▸ **Task material**
Content starts

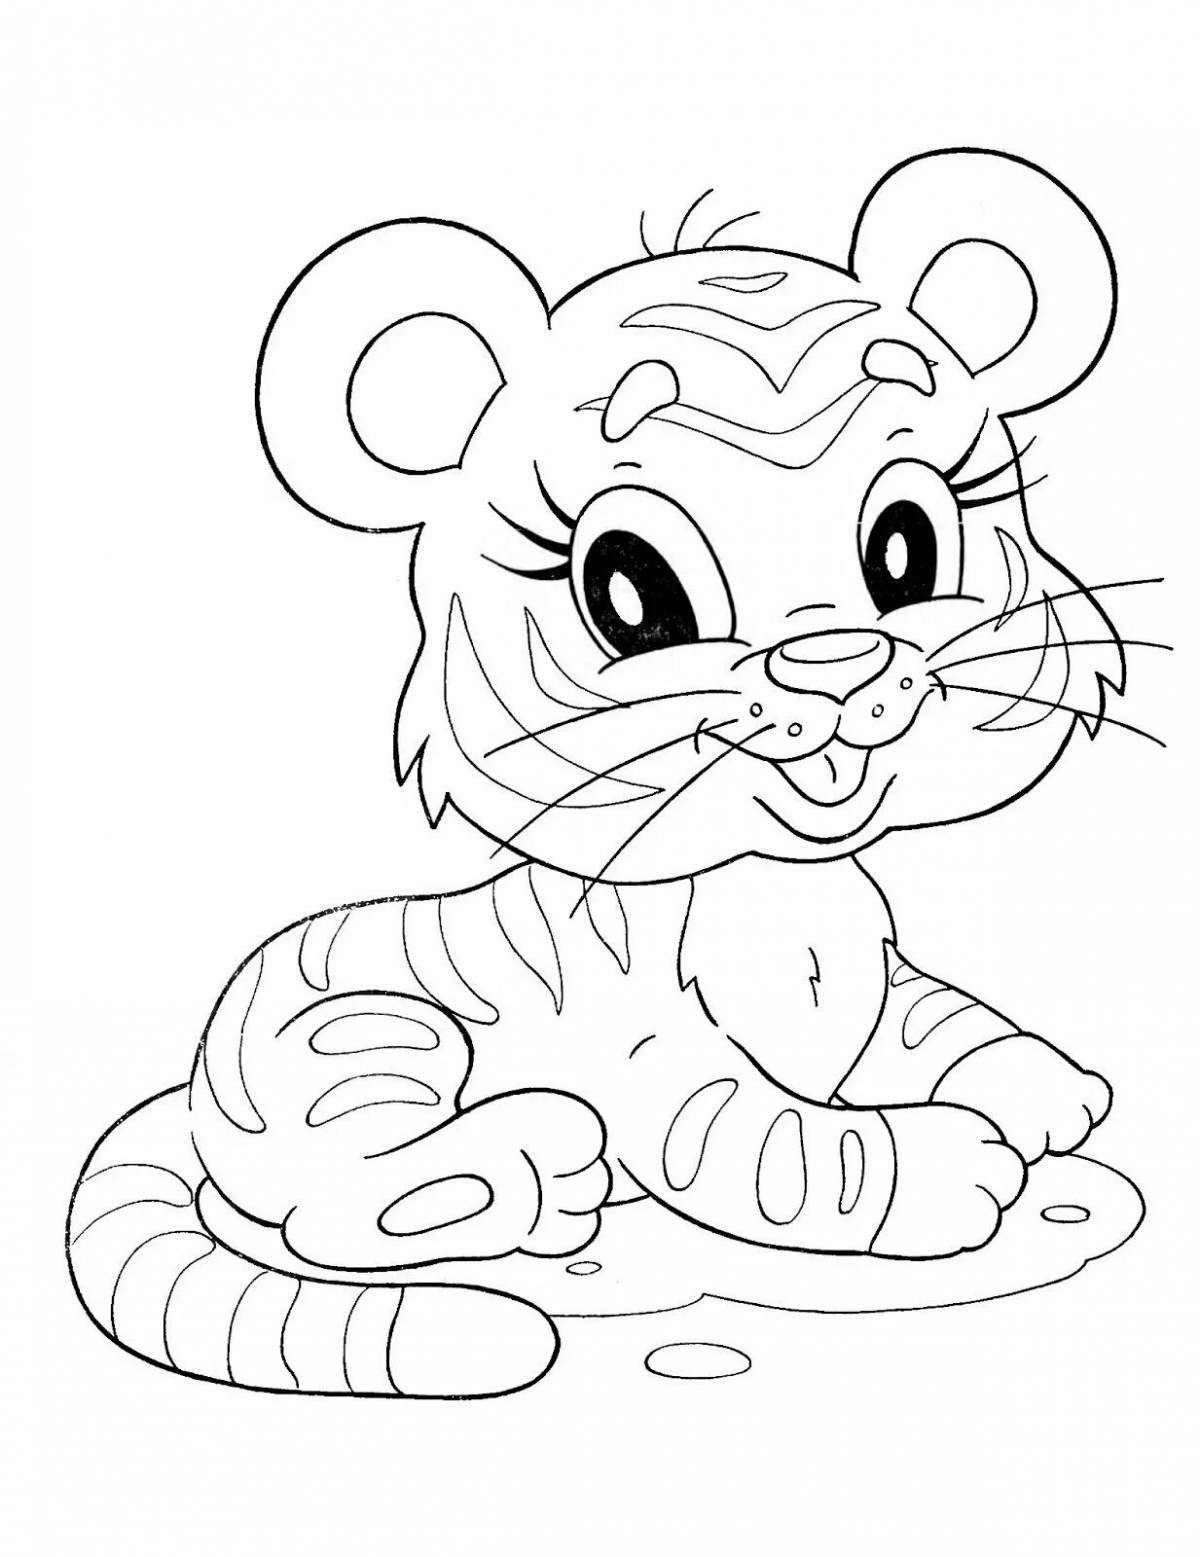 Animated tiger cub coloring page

Content ends
Content starts

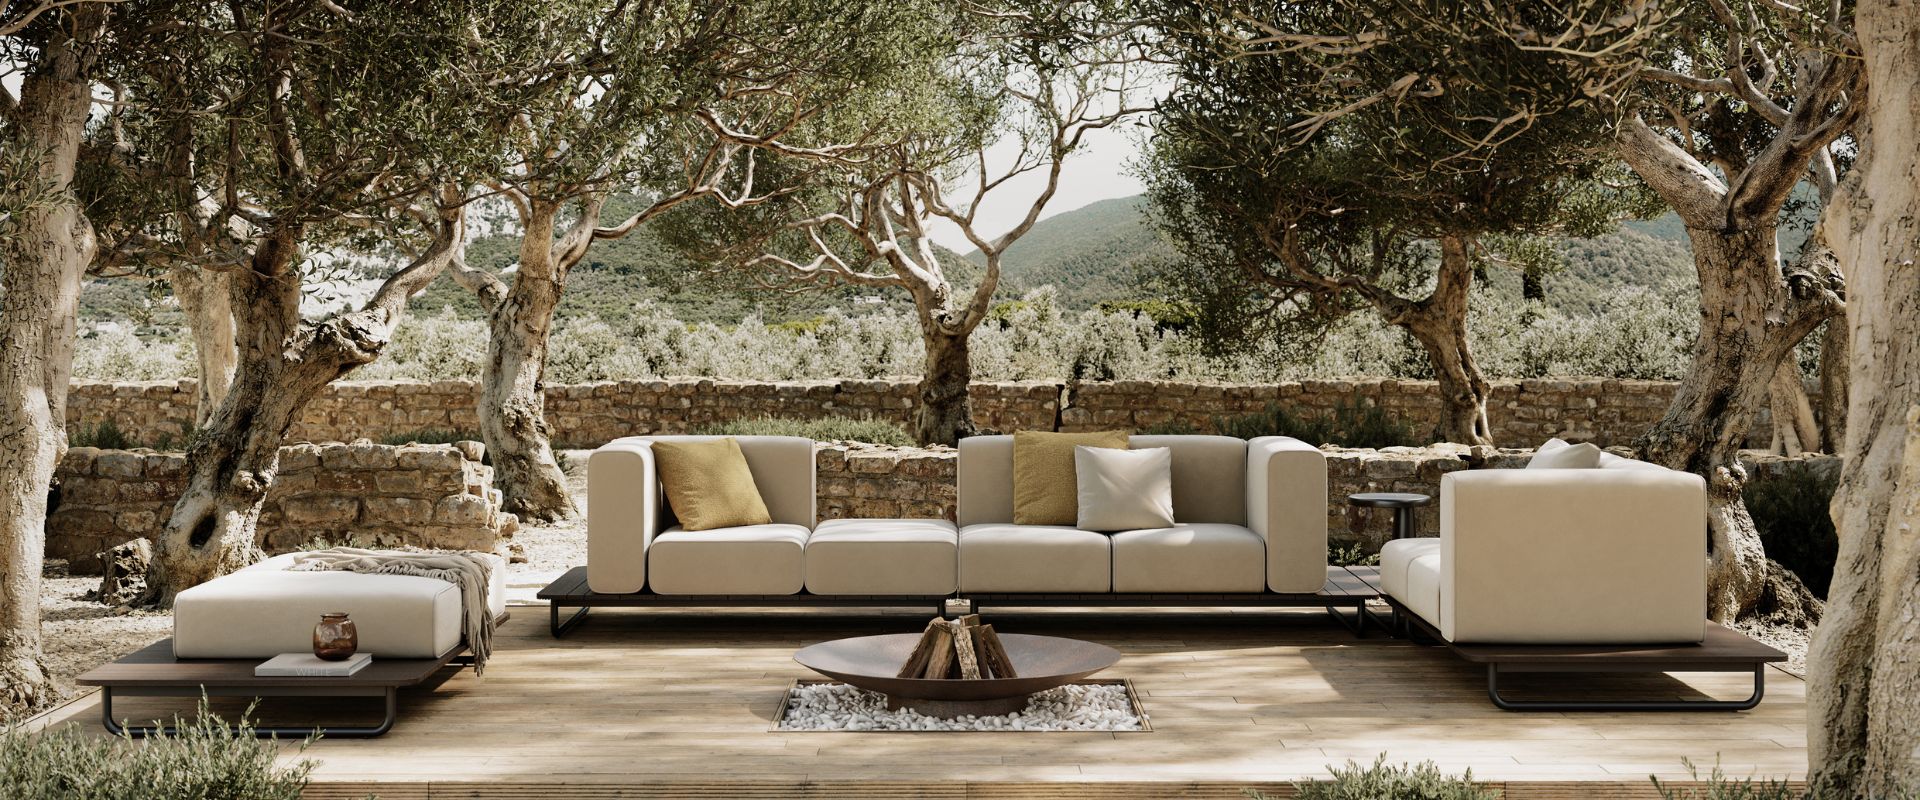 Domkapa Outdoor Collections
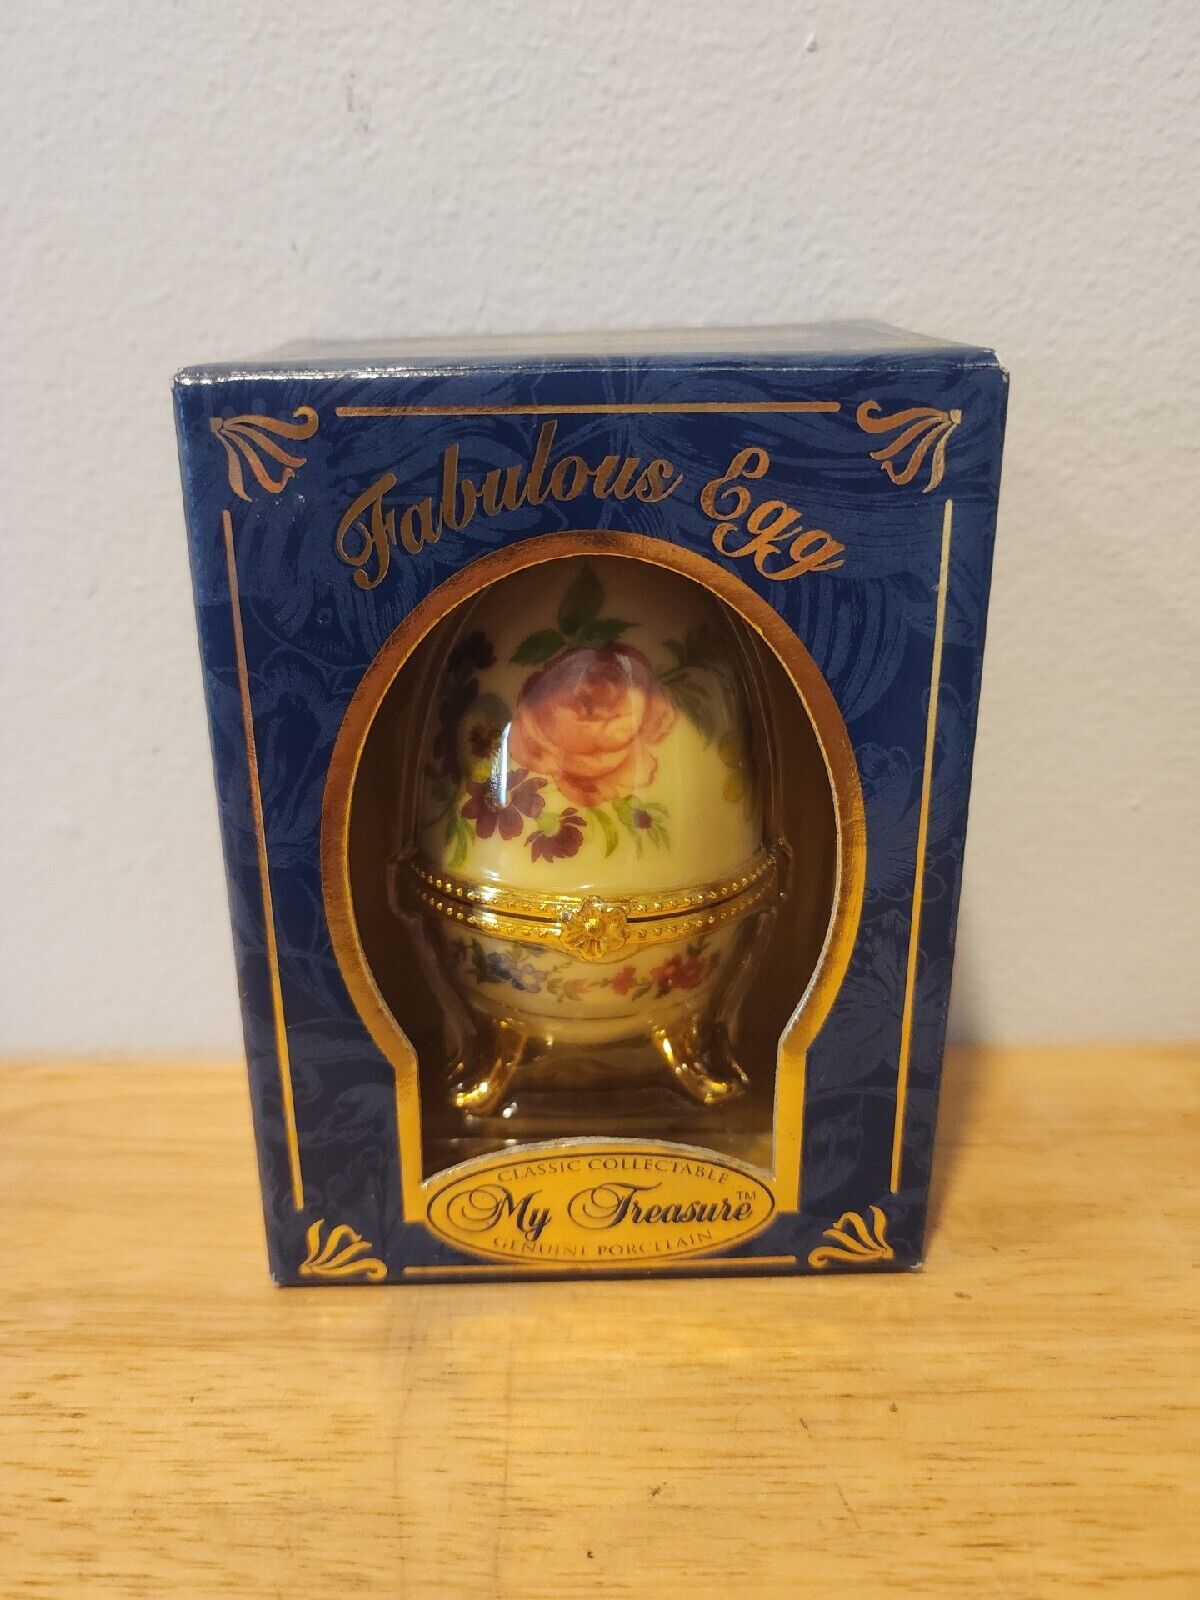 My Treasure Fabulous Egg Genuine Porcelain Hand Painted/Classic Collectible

Content ends
Content starts

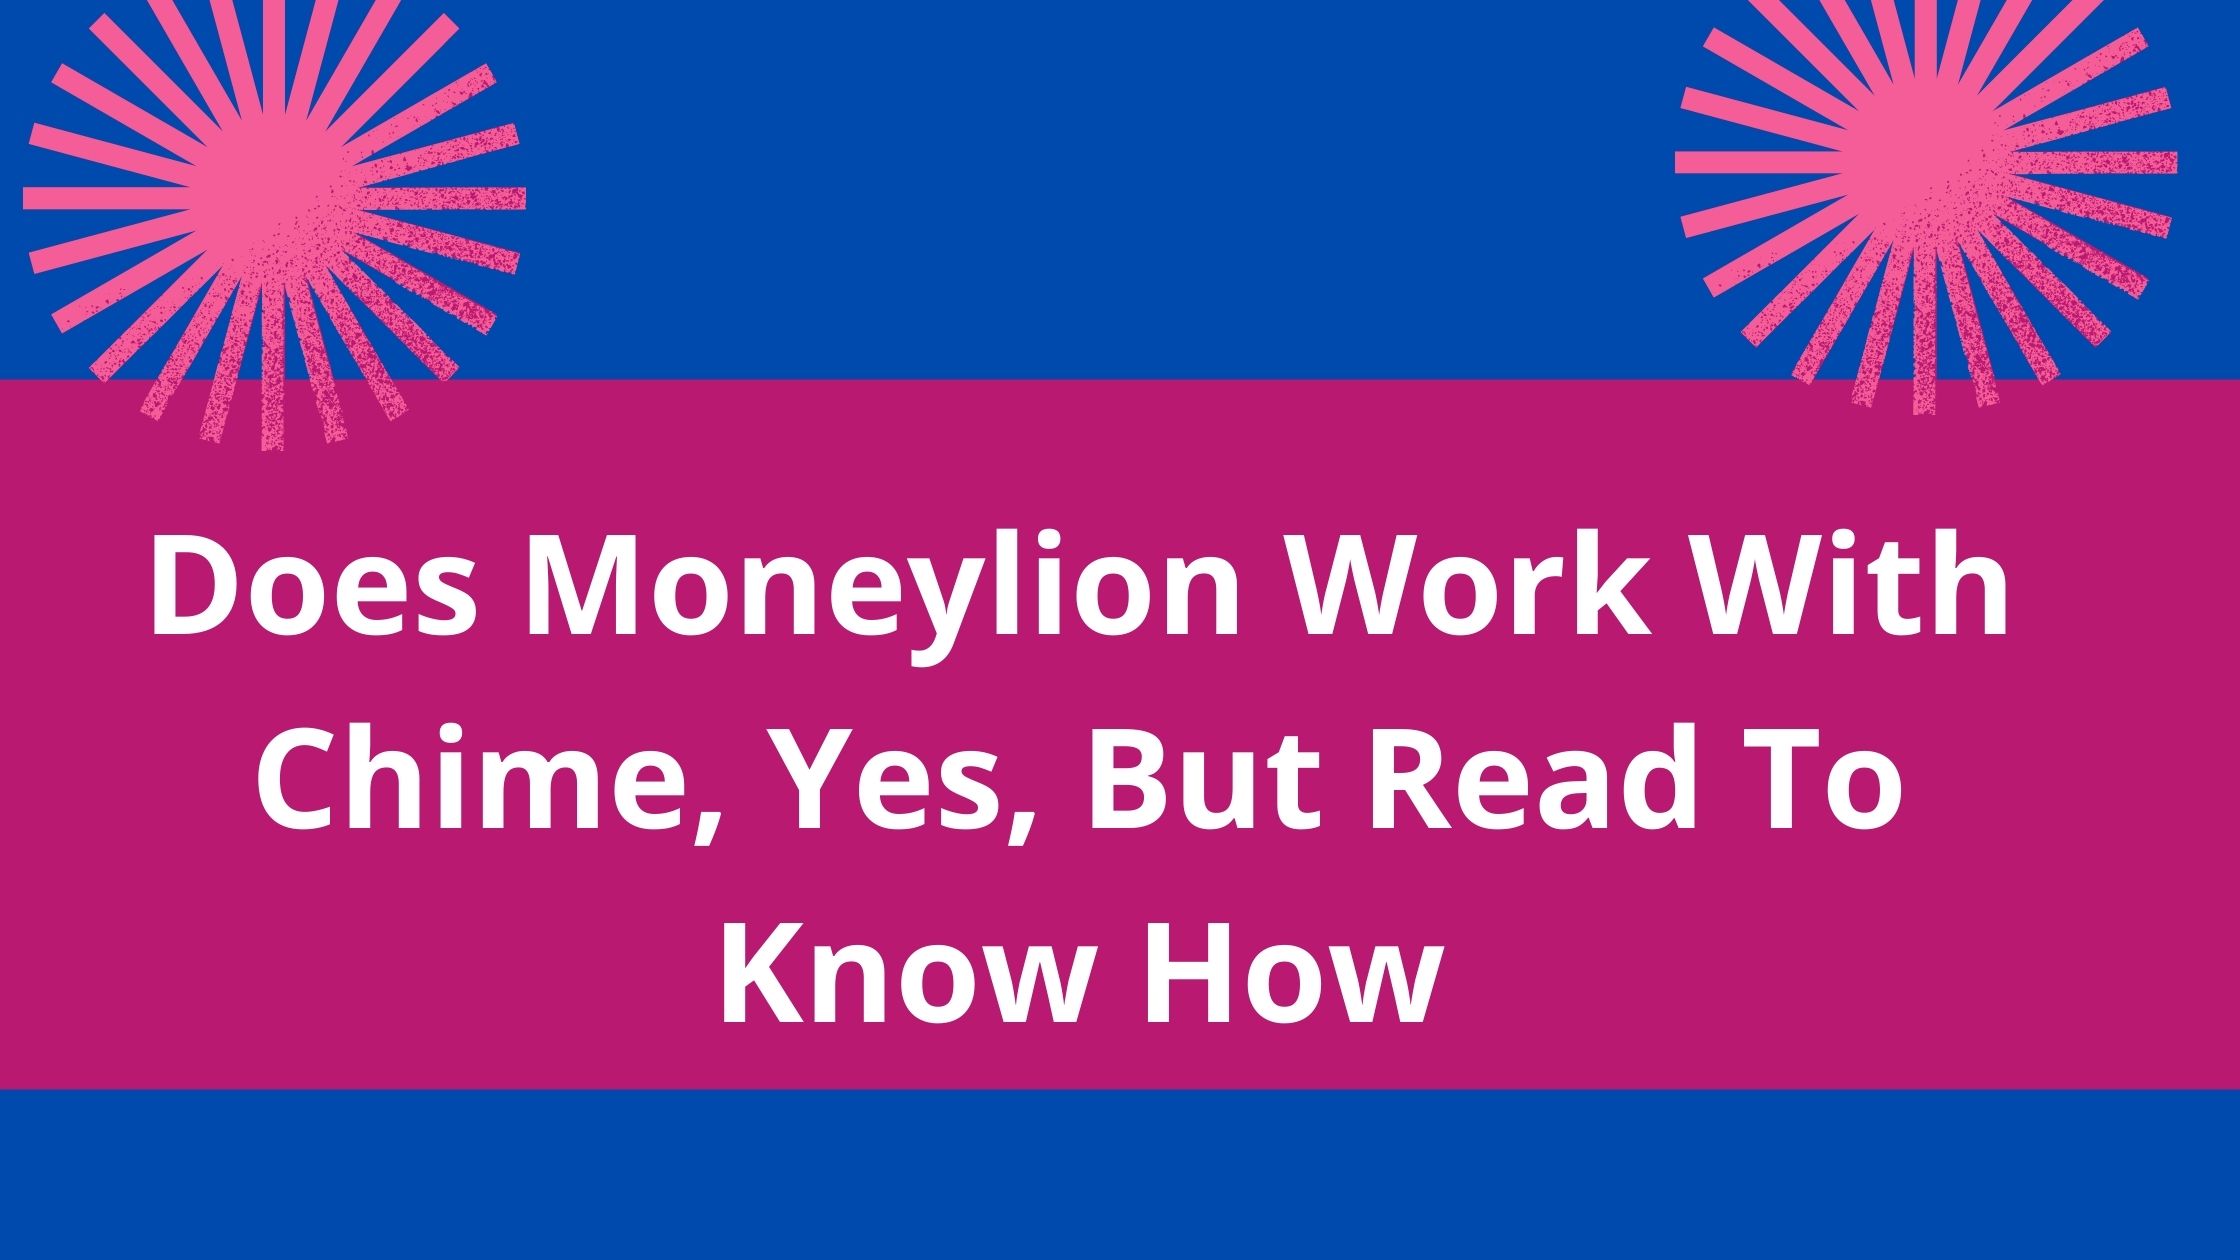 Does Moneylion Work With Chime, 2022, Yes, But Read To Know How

Content ends

▸ **Assignment**
Only the lines of the listing above from the one with "Domkapa Outdoor Collections" through the one with "My Treasure Fabulous" should be output, exactly, with both ends kept and pictures left out.

▸ **Answer below**
 Domkapa Outdoor Collections
 My Treasure Fabulous Egg Genuine Porcelain Hand Painted/Classic Collectible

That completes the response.